## [EXERCISE DETAILS]
Leave out pictures; repeat exactly the lines from the "7. Villas at" line through the last of the data below.

SOURCE DATA section start

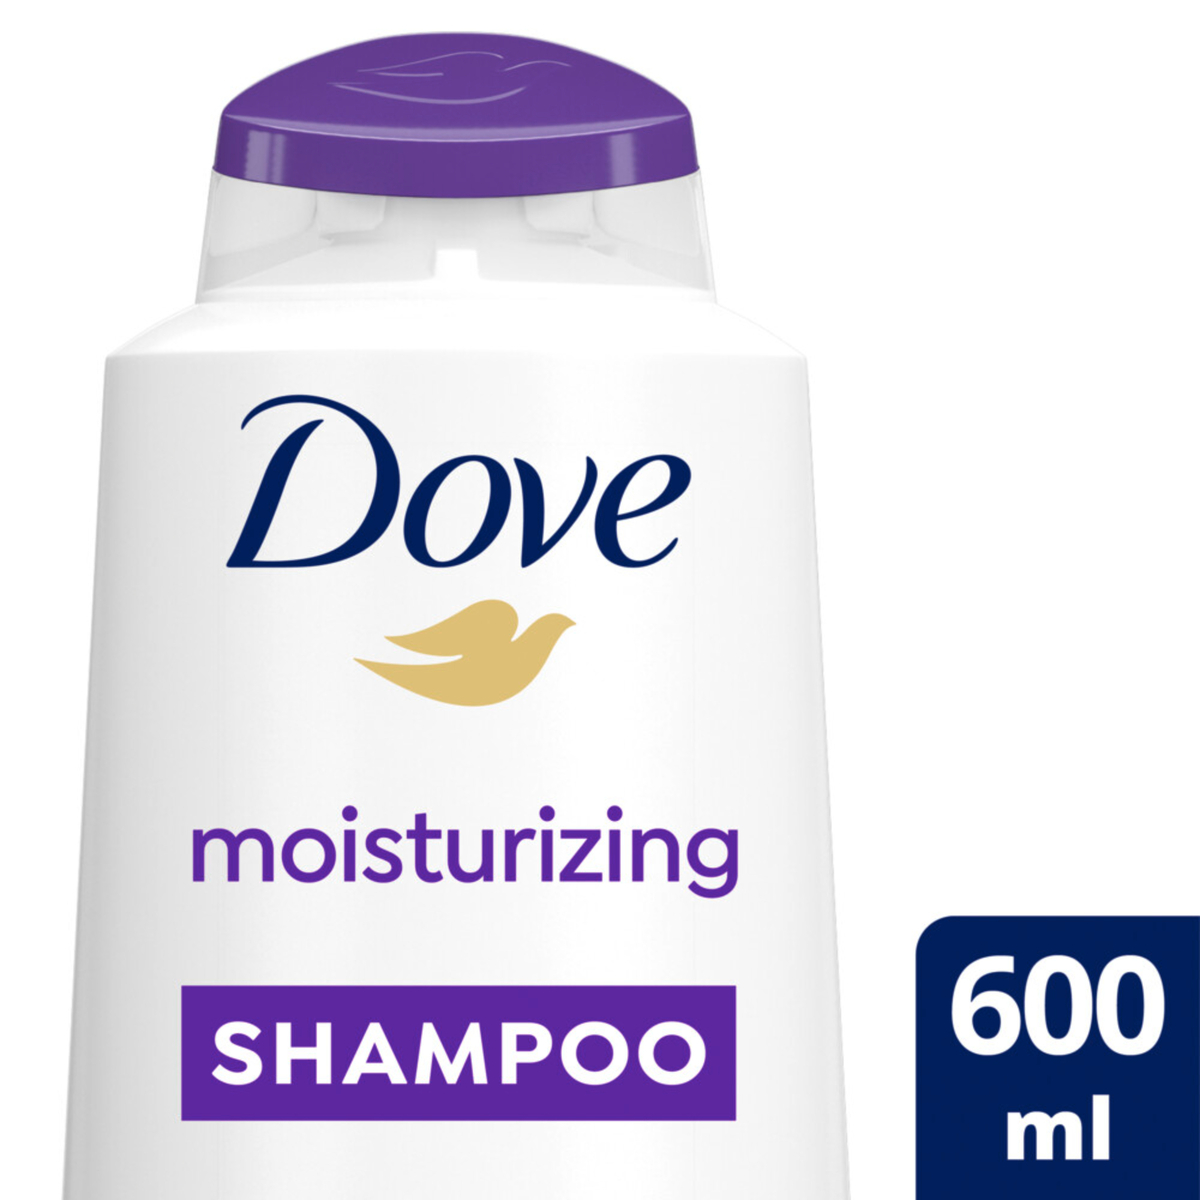 اشتري قم بشراء دوف شامبو مرطب 600مل Online at Best Price من الموقع - من لولو هايبر ماركت Shampoo في السعودية
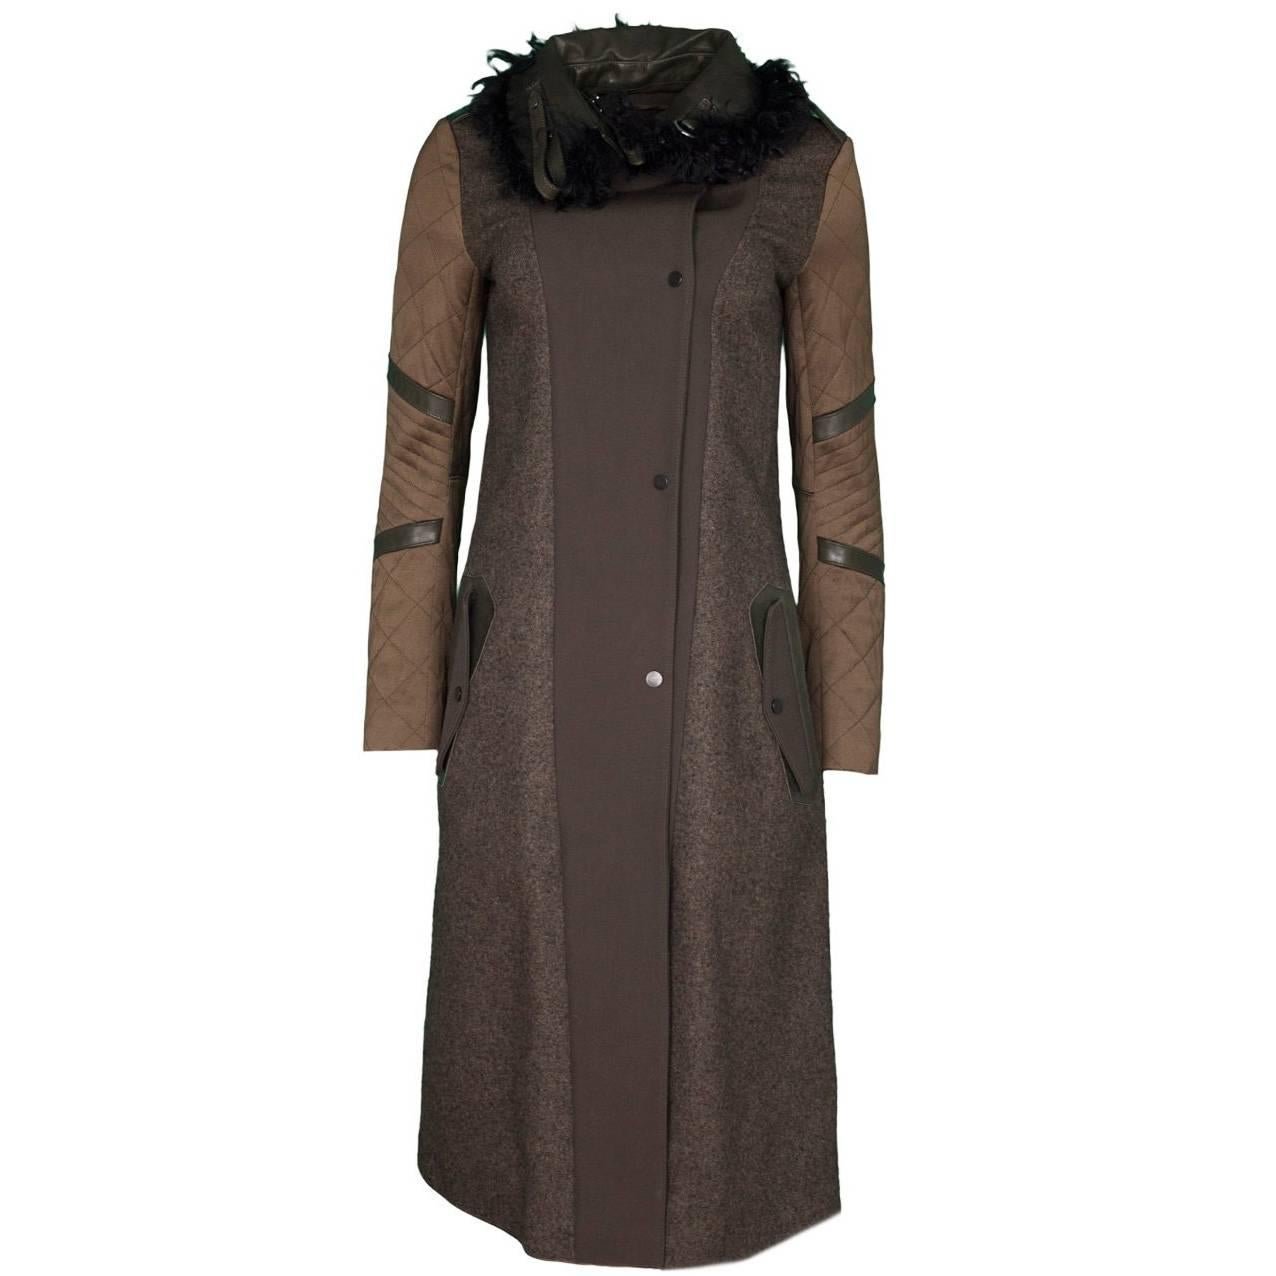 Belstaff Wool Coat & Curly Lamb Fur Coat Sz IT38
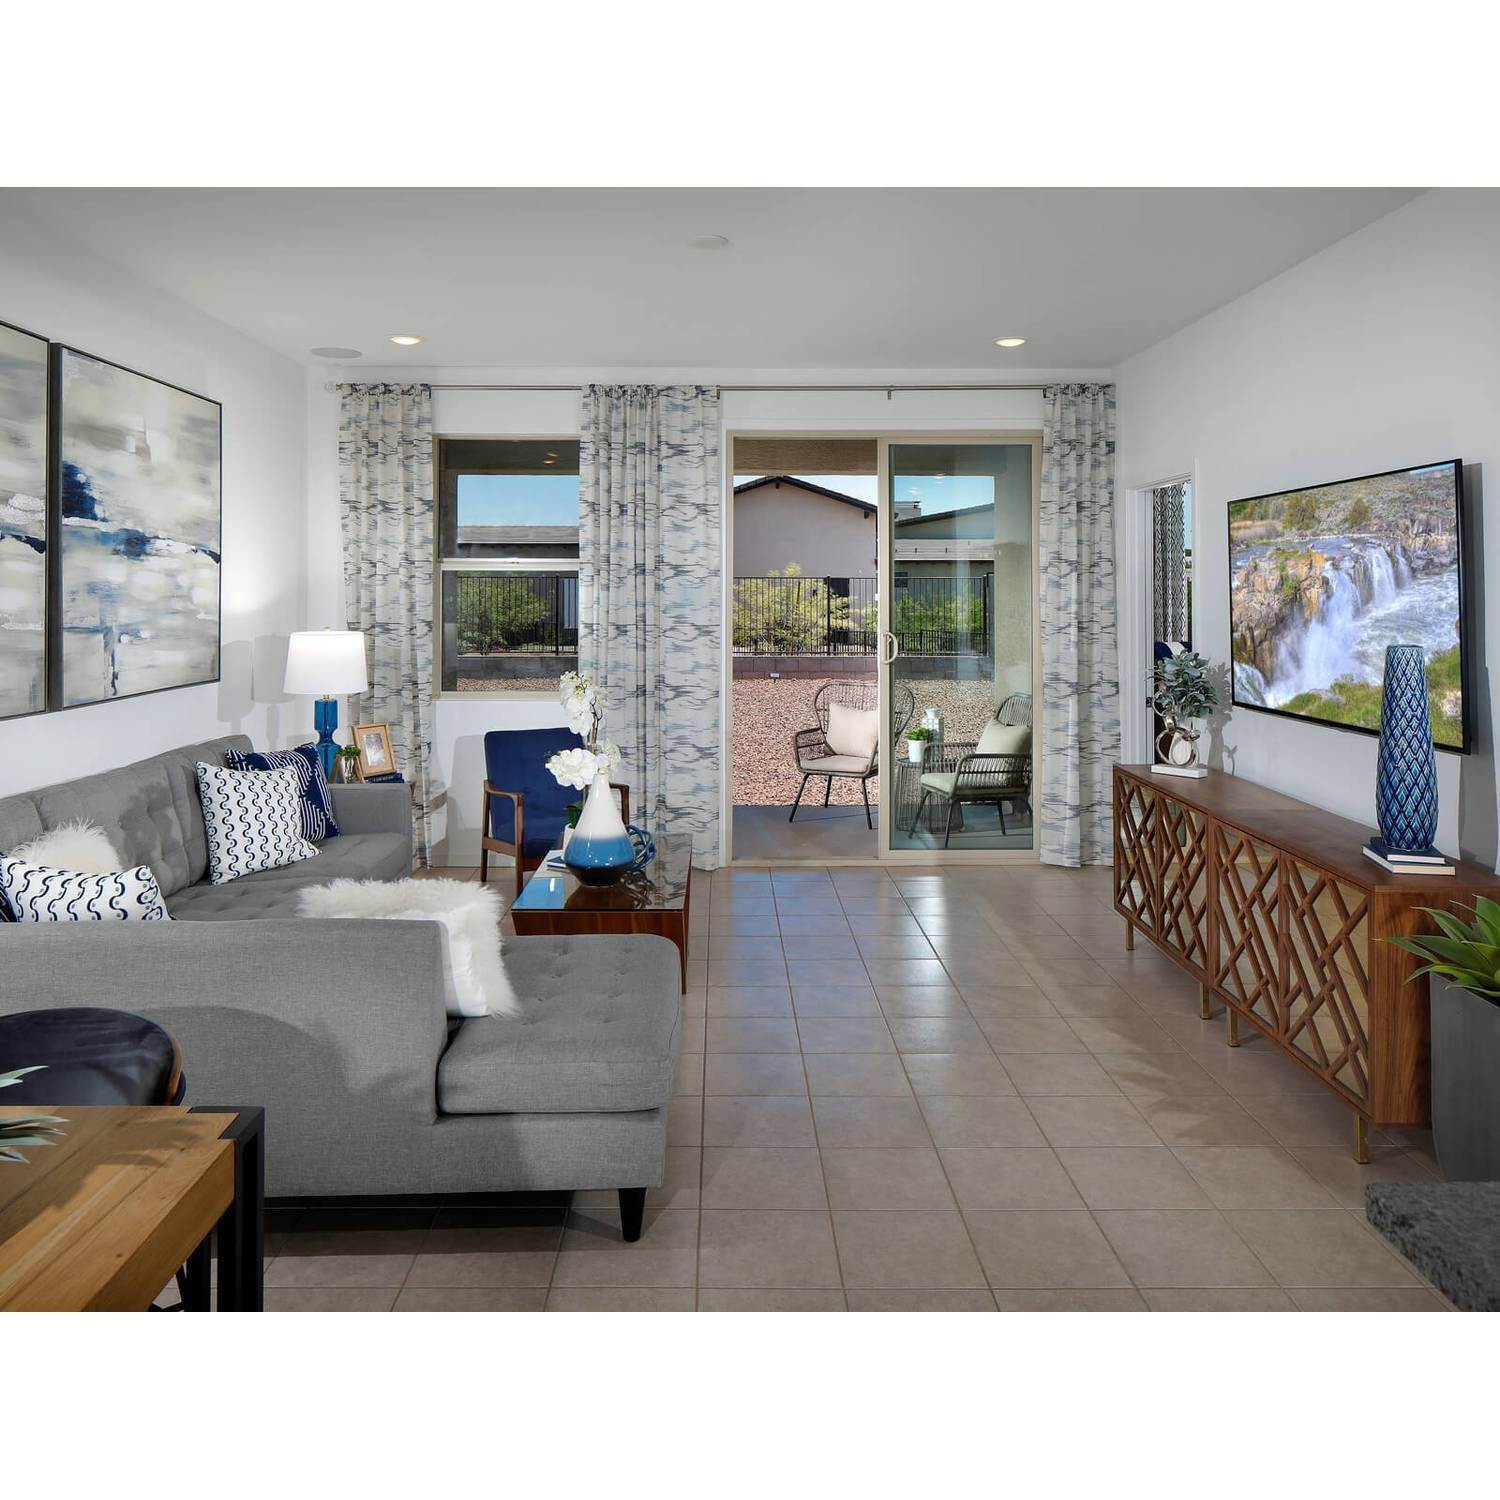 7. Villas at The Lakes at Rancho El Dorado building at 21780 N Lynn Street, Maricopa, AZ 85138
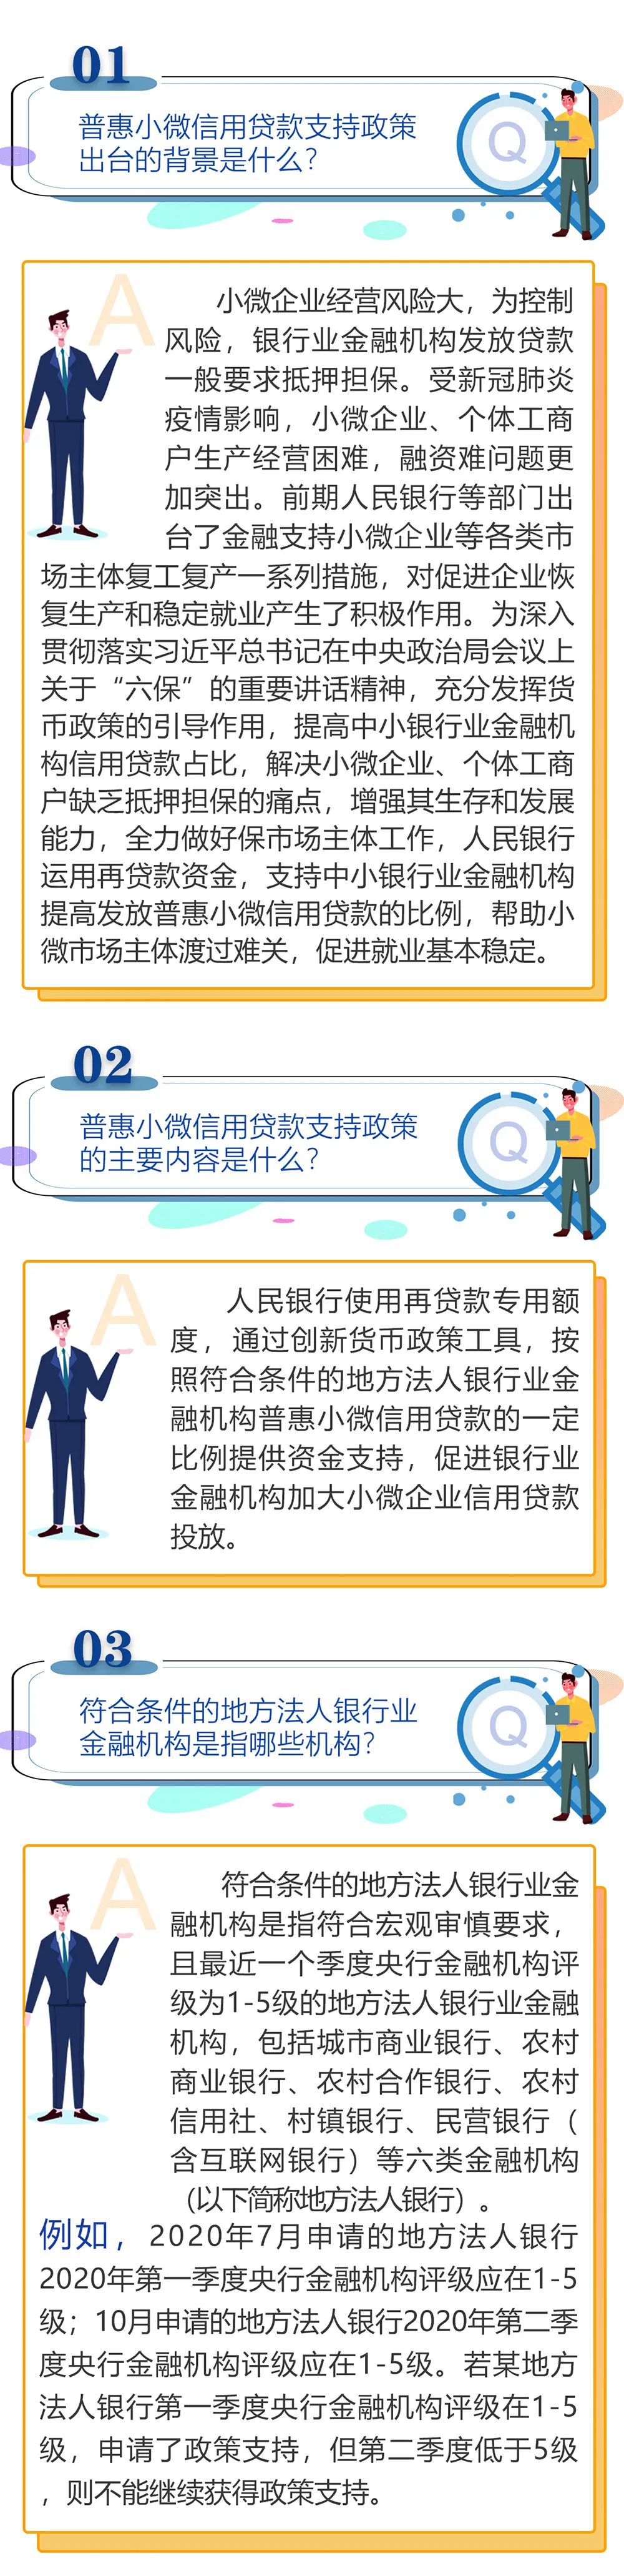 【政策指南】普惠小微信用贷款支持政策问答(图1)

SOURCE DATA section end

## [SOLUTION]
 7. Villas at The Lakes at Rancho El Dorado building at 21780 N Lynn Street, Maricopa, AZ 85138
 【政策指南】普惠小微信用贷款支持政策问答(图1)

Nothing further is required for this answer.